Они оба поздравили меня, весьма неловко, потому как выразить симпатию, дружеские чувства или даже просто поздравить с чем-нибудь человека — это было не по их части. На душе у меня было слишком легко, чтобы ложиться спать, а потому я стал читать «Всемирный альманах» и завел на патефоне Моцартов Musikalischer SpaЯ. Я уже начинал понемногу чувствовать себя в этой комнате как дома; Морганы мне понравились; и я все еще пребывал в необычайно возбужденном состоянии — из-за послеполуденного своего приключения и из-за умностей Джо. Но я, должно быть, от этого всего и устал до крайности, плюс еще день на пляже, потому что проснулся я — рывком — в полседьмого утра, не заметив даже, как уснул здоровым крепким сном. «Всемирный альманах» лежал у меня на коленях, открытый на странице 96: «Протяженность авиалиний между крупнейшими городами мира»; Musikalischer SpaЯ играл, наверное, уже в пятидесятый раз; а солнце, как раз показавшееся в прогале меж двух кирпичных темных зданий через улицу напротив, выхватило ослепительно ярким лучом — мимо меня, по-над лежащим на коленях «Альманахом» — белую гипсовую рожу Лаокоона, на коей ясно читалось: мол, я здесь ни при чем.
Глава четвертая
Я поднялся, расправив затекшие члены
Я поднялся, расправив затекшие члены, побрился, переоделся и вышел в город позавтракать. Из-за того ли, что вчерашний день был перенасыщен, на мой вкус, разного рода событиями, или просто из-за того, что я мало спал (должен заметить, что причины меня не слишком интересуют), но голова у меня была совершенно пустая. Всю дорогу до ресторанчика, все то время, пока я ел и пока шел обратно, было такое впечатление, что никакого Джейкоба Хорнера на сегодняшний день не обещается. Позавтракав, я вернулся к себе, сел в кресло-качалку и качался, качался там, плавая на воздусях и ни о чем не думая.

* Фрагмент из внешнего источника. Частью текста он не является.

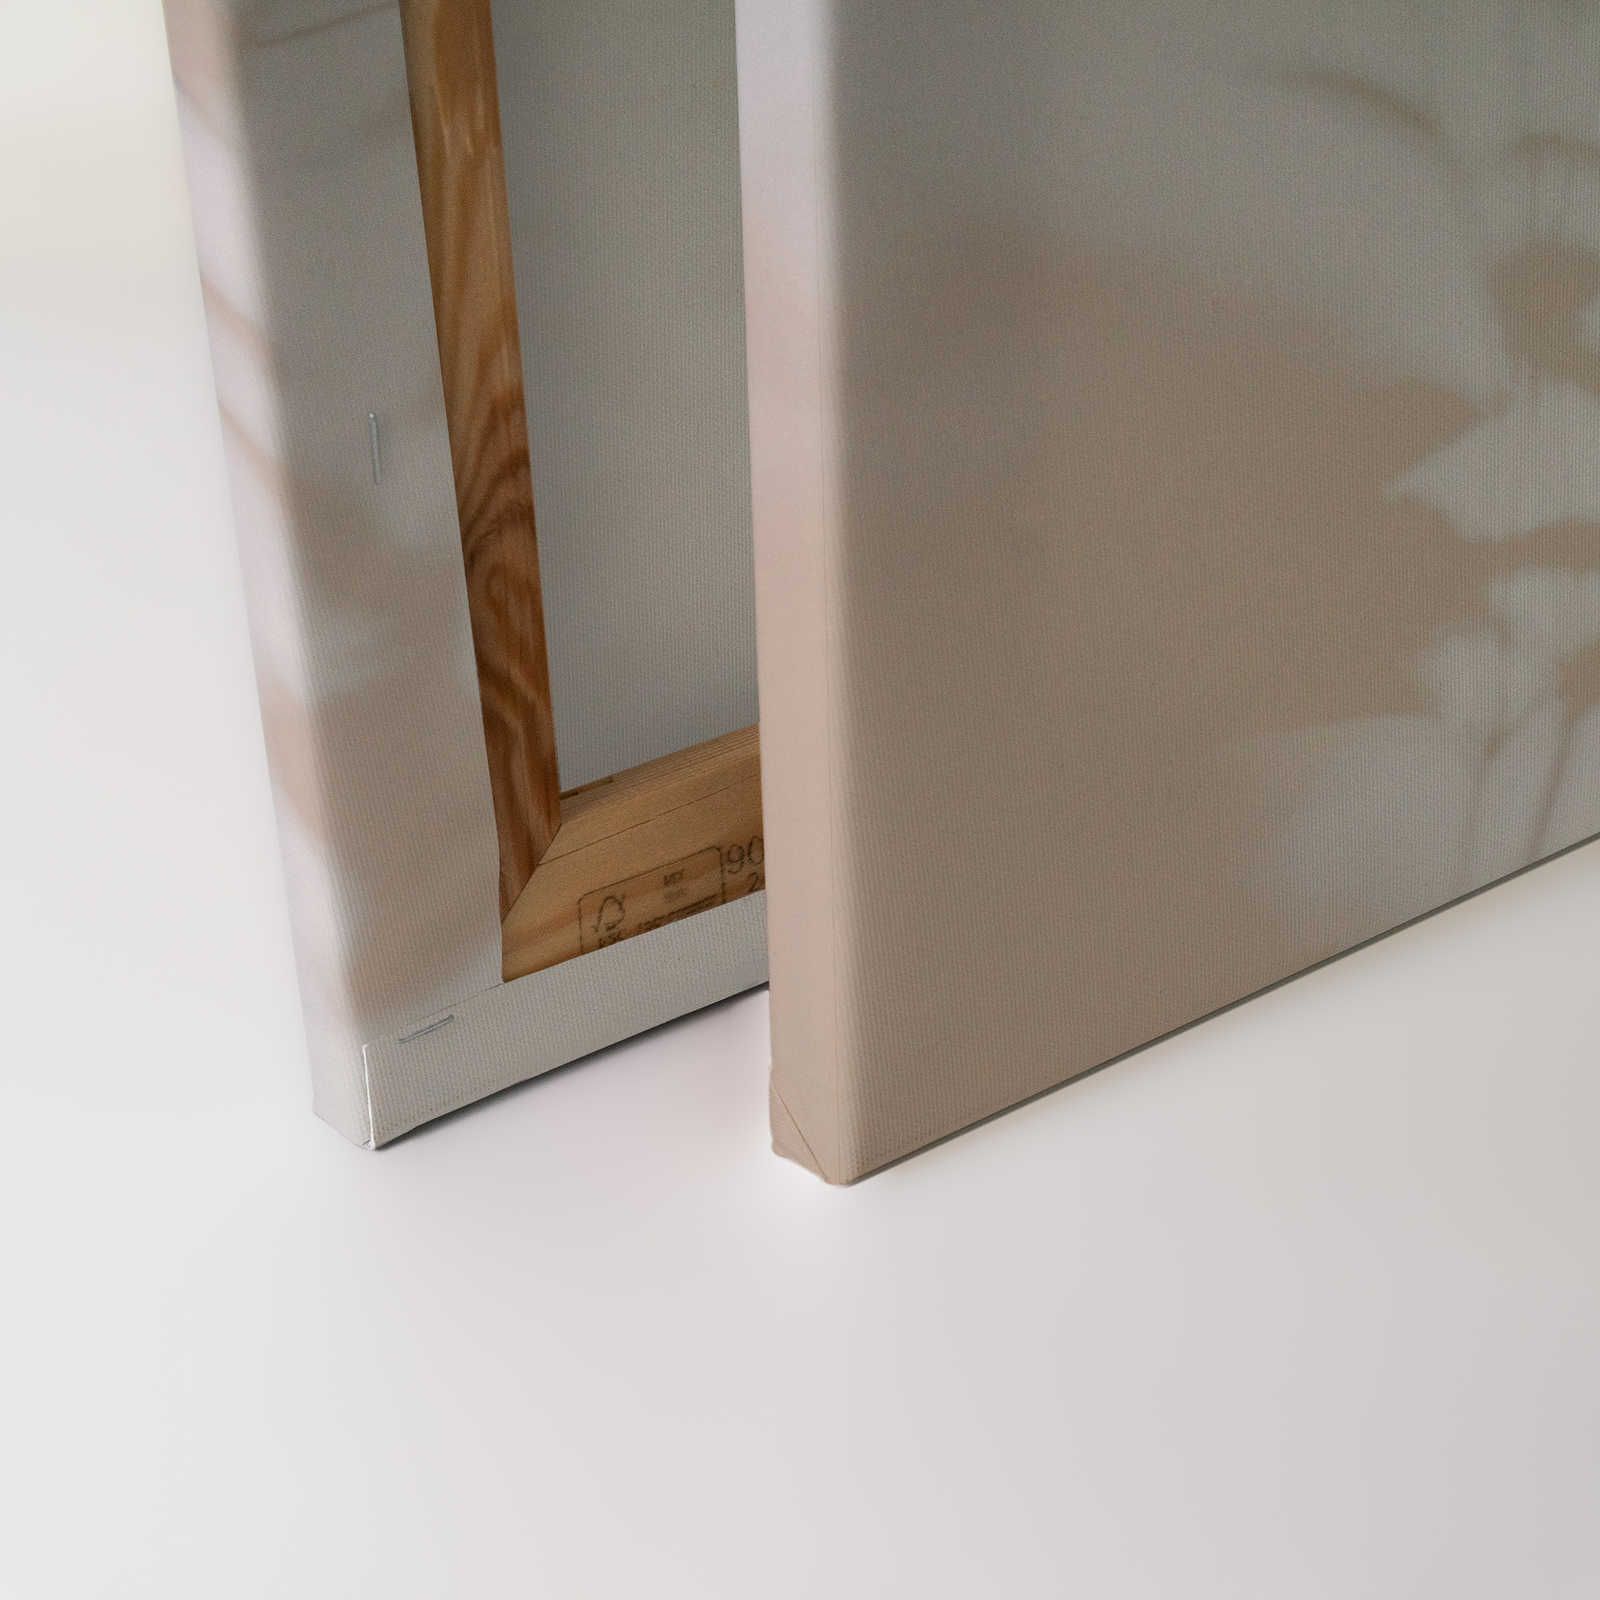             Shadow Room 1 - Naturel toile Beige & Blanc, design délavé - 0,90 m x 0,60 m

Однажды я видел сон, в котором мне почему-то было очень важно узнать прогноз погоды на завтра. Я перерыл все-газеты, но на обычных местах ничего не обнаружил. Я включил радио, но дикторы в новостях даже и не упоминали о погоде. Я набрал нужный номер по телефону (действие происходило в Балтиморе), но тамошний записанный на пленку голос, пересказавший мне все, что касалось сегодняшней погоды, никакого прогноза на завтра тоже не дал. В конце концов я позвонил в бюро прогнозов, но время было позднее и там никто не брал трубку. Я откуда-то знал номер главного метеоролога и позвонил ему прямо домой. Я долго-долго слушал гудки, потом он наконец подошел к телефону; мне сразу показалось, что голос у него какой-то странный.
— В чем дело? — спросил он.
— Я хочу знать, какая у нас на завтра ожидается погода, — как можно убедительнее проговорил я. — Это очень, очень важно.
— И нечего на меня давить, — ответил мне метеоролог. — Нечего на меня давить. А что вас, собственно, навело на подозрения?
— Уверяю вас, сэр, я просто хочу знать, какая завтра будет погода. И не вижу в своем вопросе ничего особо подозрительного.
— Не будет завтра никакой погоды.
— Что?
— Что слышали. Не будет завтра никакой погоды. Все наши приборы говорят одно и то же. Никакой погоды.
— Но так же не бывает!
— Как хотите, так и понимайте, я свое слово сказал, — погодоуправец рассердился уже не на шутку. — Не будет погоды, и все тут. И оставьте меня в покое, я спать хочу.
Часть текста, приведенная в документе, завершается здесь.